Artists Exhibit Drawings in Chernobyl's Dead Zone
By Chloe Morrissey
Thirty-five years after the world's largest nuclear disaster took place in Ukraine, the alternative art platform New Scenario has curated a site-specific exhibition, “Chernobyl Papers,” in the now abandoned Chernobyl Exclusion Zone. Drawings by 40 international artists were installed onsite, and documentation of the project was released online in two chapters on April 23 and 30.
New Scenario’s ninth virtual presentation in their ongoing exploration of non-traditional exhibition settings, “Chernobyl Papers” was staged at the Exclusion Zone without permission from Chernobyl authorities. Comprising more than 2,580 square kilometers in the 30-kilometer radius around the most contaminated area, the Exclusion Zone has been considered an illegal destination ever since the explosion in April 1986. With the help of “stalkers”—explorers who enter the Zone illegally—the New Scenario team, including founders Paul Barsch and Tilman Horning, spent five days installing and documenting sketches by artists including Keren Cytter, Michiko Nakatani, İnci Furni, and Timur Si-Qin in abandoned warehouses and classrooms in the area.
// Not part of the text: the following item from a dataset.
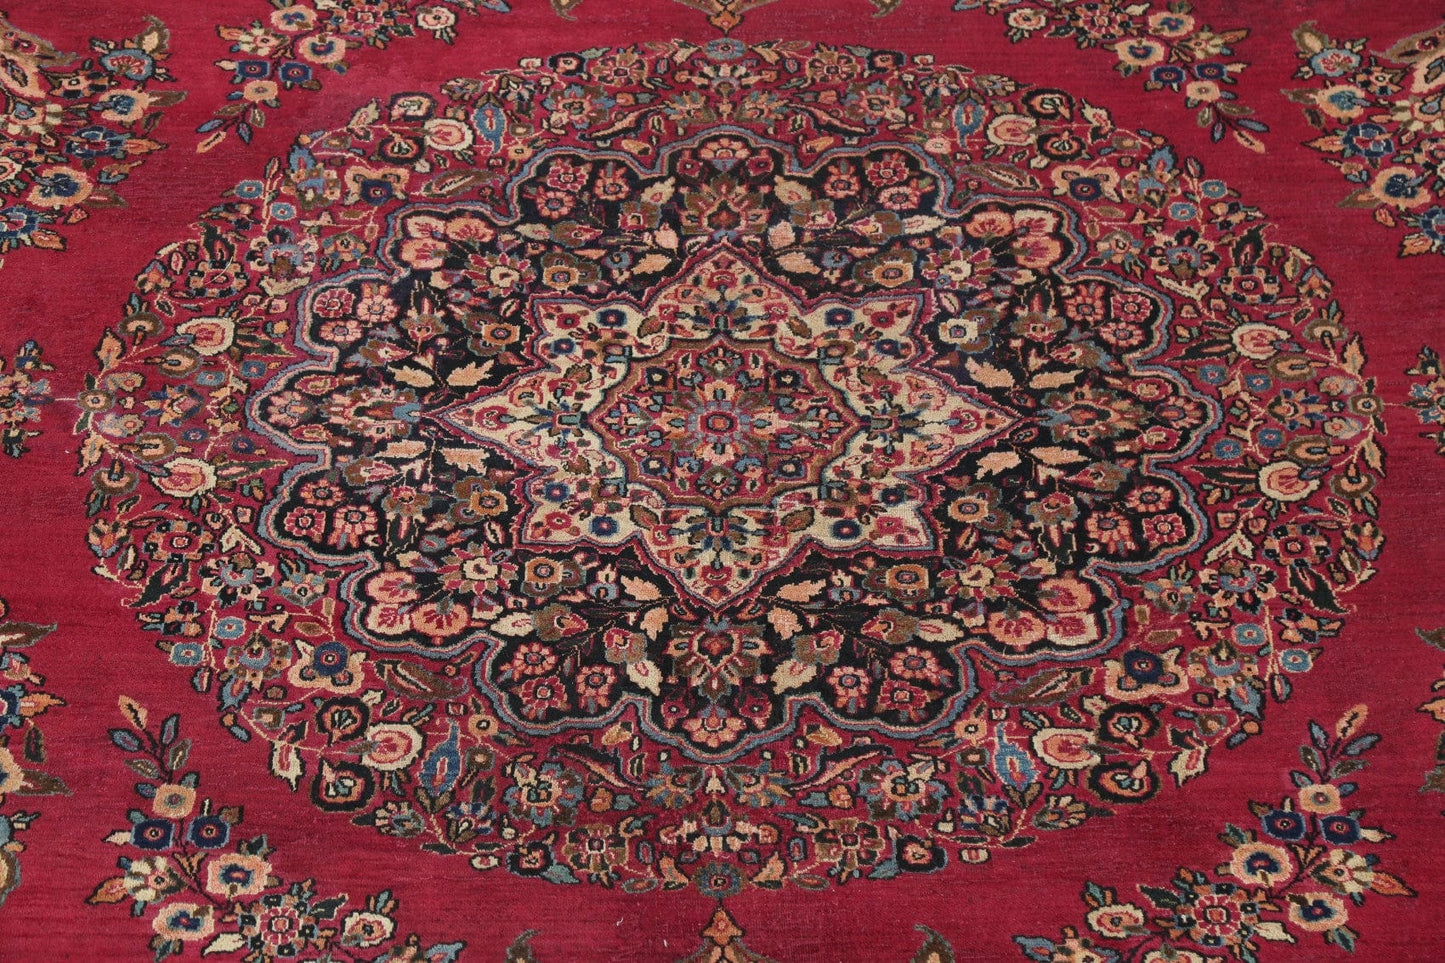 Antique Floral Red Dorokhsh Persian Rug Large 11x14

According to the press release, these drawings “will remain there forever—contaminated and rotting.”
Previously, artists have worked with Ukrainian authorities to exhibit in the Exclusion Zone. The “ARTEFACT” project—supported by the Ukrainian Cultural Foundation and the Ministry of Culture, among other state agencies—launched in 2018 with a “rave” in Valeriy Korshunov’s immersive installation in the ghost town of Pripyat. In 2016, Australian artist Guido Van Helten’s mural Chernobyl Exclusion Zone, based off the work of photojournalist Igor Kostin, was installed inside a disused nuclear tower to commemorate the 30th anniversary of the disaster.
Art groups in other countries have also initiated projects in restricted areas contaminated by radiation. In 2011, the Tokyo-based artist collective Chim↑Pom created a long-term international exhibition titled “Don’t Follow the Wind” in the Fukushima Exclusion Zone around the Fukushima Daiichi Nuclear Power Plant. Featuring 12 artists including Ai Weiwei, Meiro Koizumi, Ahmet Öğüt, and Trevor Paglen, the project remains inaccessible to the general public despite its “opening” in March 2015.
Chloe Morrissey is an editorial intern at ArtAsiaPacific.